It all began the day that Hope Grietzer and I found ourselves at the Broome County Public Library playing an unrehearsed concert for then-Senator Hillary Clinton. “Gosh! What should we play?!” And, on the spot, we came up with Red-Haired Boy and Arkansas Traveler, which both seemed to suit our audience nicely. Hope, an award-winning fiddler, had just moved back to New York State, and we were friends from the moment we met and discovered our shared love of music and children’s literature. As a parent and library employee, I had knowledge of and access to a limitless supply of books that nearly matched Hope’s fiddle repertoire, and so began a program we could only call “Fiddling with Books.”

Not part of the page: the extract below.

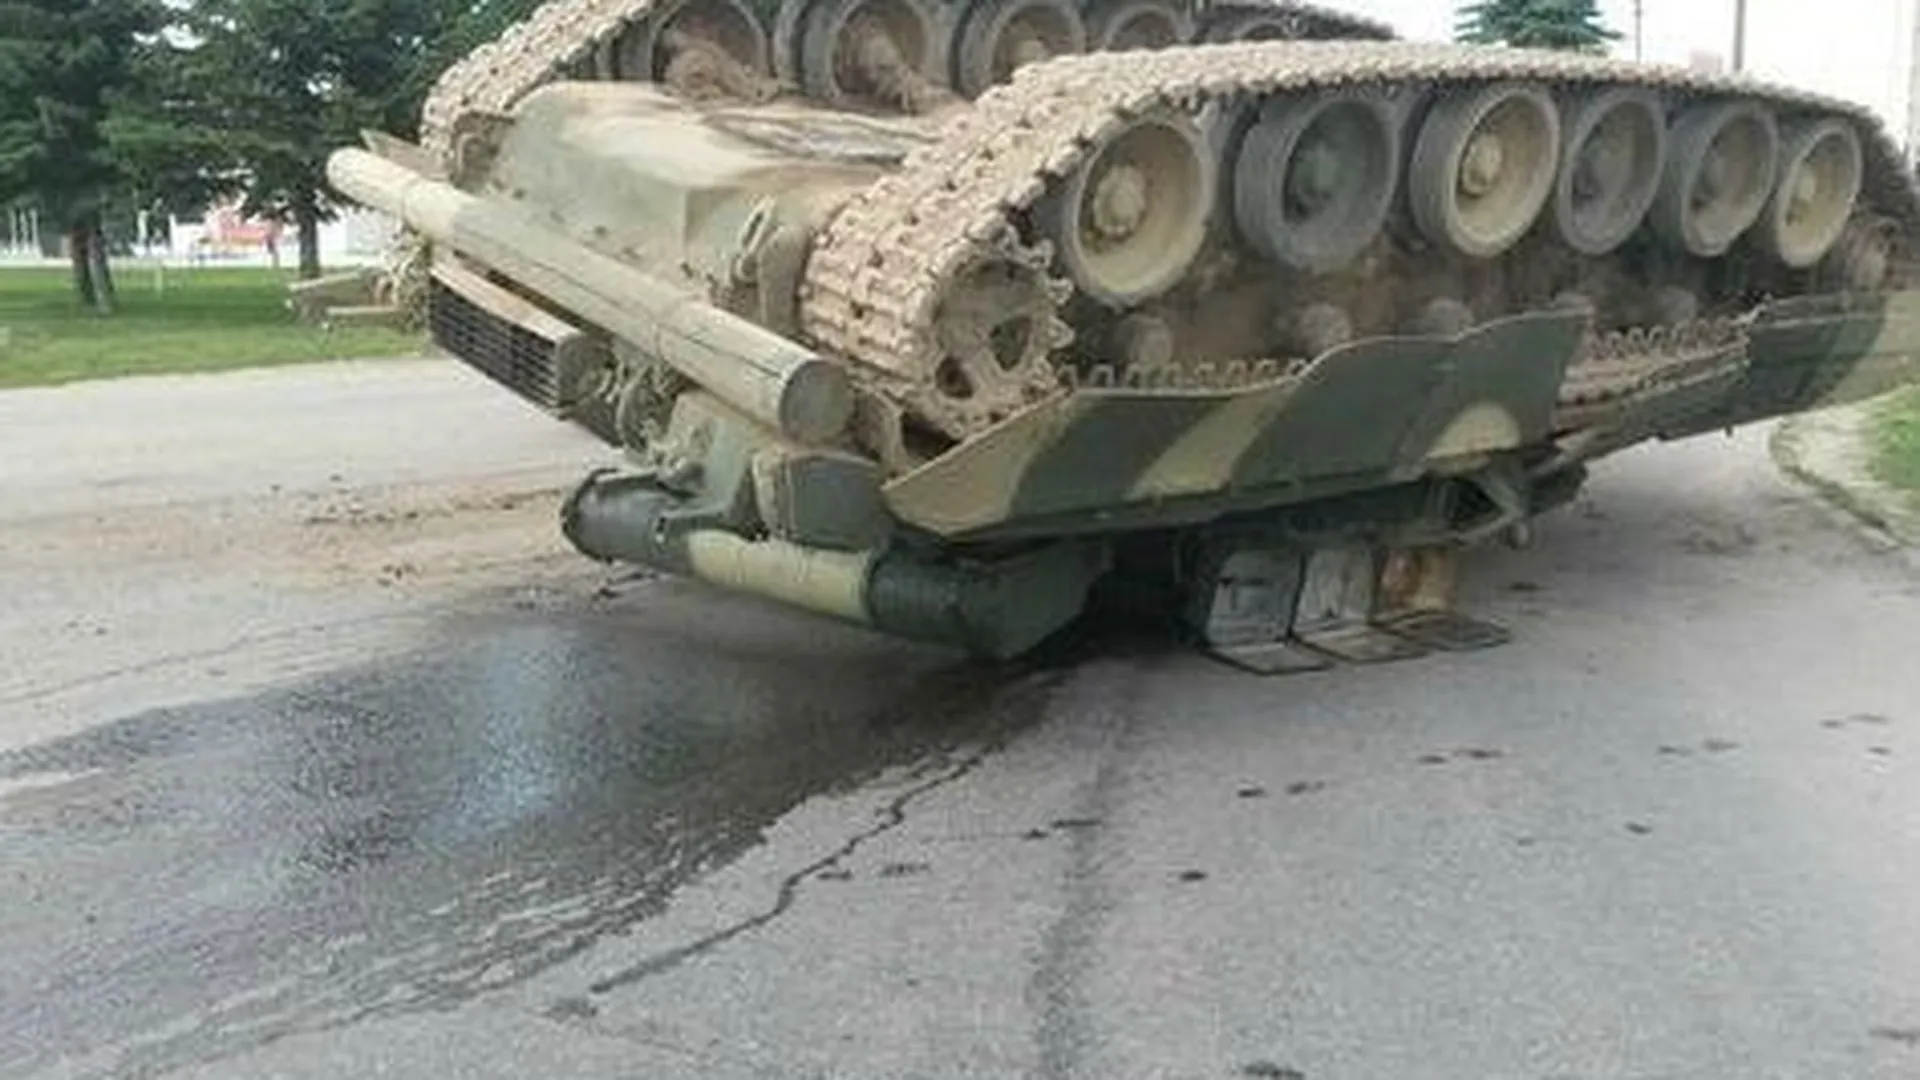 В Наро-Фоминске везли по городу и уронили танк

Libba Moore Grey’s book When Uncle Took the Fiddle has always been our opener, and I pretend to yawn and doze while Hope plays a snippet of Brahms’ Lullabye. All ages can immediately recognize that tune and how it is our universal musical message of ‘sleep’. Less than a minute later, as Uncle has taken up his fiddle, Hope and I are playing Miss MacLeod’s Reel — also known as Uncle Joe — and we have accomplished two things. First, the children have just heard the difference between violin and fiddle, and second, they have learned that we are not going to read these books, we are going to play them. An example of playing the story is here in Rosie’s Fiddle Medley of Growling Old Man and Grumbling Old Woman / Devil’s Dream which tells the story of Phyllis Root’s book
The pairings of tunes and books happens in a variety of ways. Natalie Kinsey-Warnock’s Fiddler of the Northern Lights (paired with Cold Frosty Morning) and Valerie Flournoy’s Celie and the Harvest Fiddler (paired with Jump at the Sun) have mysterious fiddlers whose music creates magic, so Hope and I connect each with a traditional tune in a minor key that creates the right “feel” for the stories. When we present Marianna Dengler’s Fiddlin’ Sam we help children get a sense of all the occasions when a traveling musician might we needed or welcomed, beginning with the “sad times” as represented by the ancient air Ash Grove and moving on to celebratory events with the Old Timey toe-tapper Shove That Pig’s Foot a Little Further into the Fire. (And, yes, we explain that this refers to raw metal a blacksmith is working on, not a real pig!) As a special treat, we also bring out an old handmade traveler’s fiddle that features a lion’s head just like the one on Sam’s fiddle in the story. Fiddlin’ Sam medley
Sometimes there are fiddle tunes that Hope and I know will be a hit with our audiences, so we try to find a book that will suit the tunes. For example, Old Joe Clark is a classic tune with tall-tale lyrics that we have paired with Anne Isaacs’ Swamp Angel and Phyllis Root’s Paula Bunyan. Old Grey Cat is a marvelously feline tune, and we have found Mary C. Calhoun’s Henry stories (Blue Ribbon Henry and Cross-Country Cat, for two) to have just the right mix of playfulness and “catitude” to work. By far, the most fun was when we searched for a book to partner with Flop-Eared Mule and came across Sue Porter’s Moose Music. The illustrations showing how painfully awful Moose’s cloven-hoofed fiddling must have been is exactly the goofiness we hoped for, and it’s one of our silliest moments. (Yes, I “sing” the part of the moose he finally attracts. It isn’t pretty.) Old Grey Cat / Flop-Eared Mule
Our program usually lasts an hour, presenting 12 books and 12 fiddle tunes and three or four songs for the audience to sing with us, such as Cotton Mill Girls, which we pair with Elizabeth Winthrop’s Counting on Grace, or Jeanette Winter’s Follow the Drinking Gourd. The variety of tunes covers Celtic, French-Canadien, Old Timey, and Cajun, with a mix of airs, waltzes, and clogging tunes, major and minor keys, and ultimately a song in there for everyone to enjoy. Over the years, we’ve found ways to include such trendy topics as wizards (pairing J.K. Rowlings’ Harry Potter with Jay Ungar’s Wizard’s Walk) and pirates (putting Jonny Duddle’s The Pirate Cruncher — with that evil fiddler puppet! — with Da Full-Rigged Ship.)
We always make sure to end with the audience able to stand up and dance with us, presenting Anna Marlis Burgard’s Flying Feet and the instantly-recognizable jig Irish Washerwoman. Afterwards, we welcome the children’s questions and let them come and try a note or two on the instruments.
Best of all, at the end of each program, we see the children crowd around the table full of books, eager to read the stories for themselves.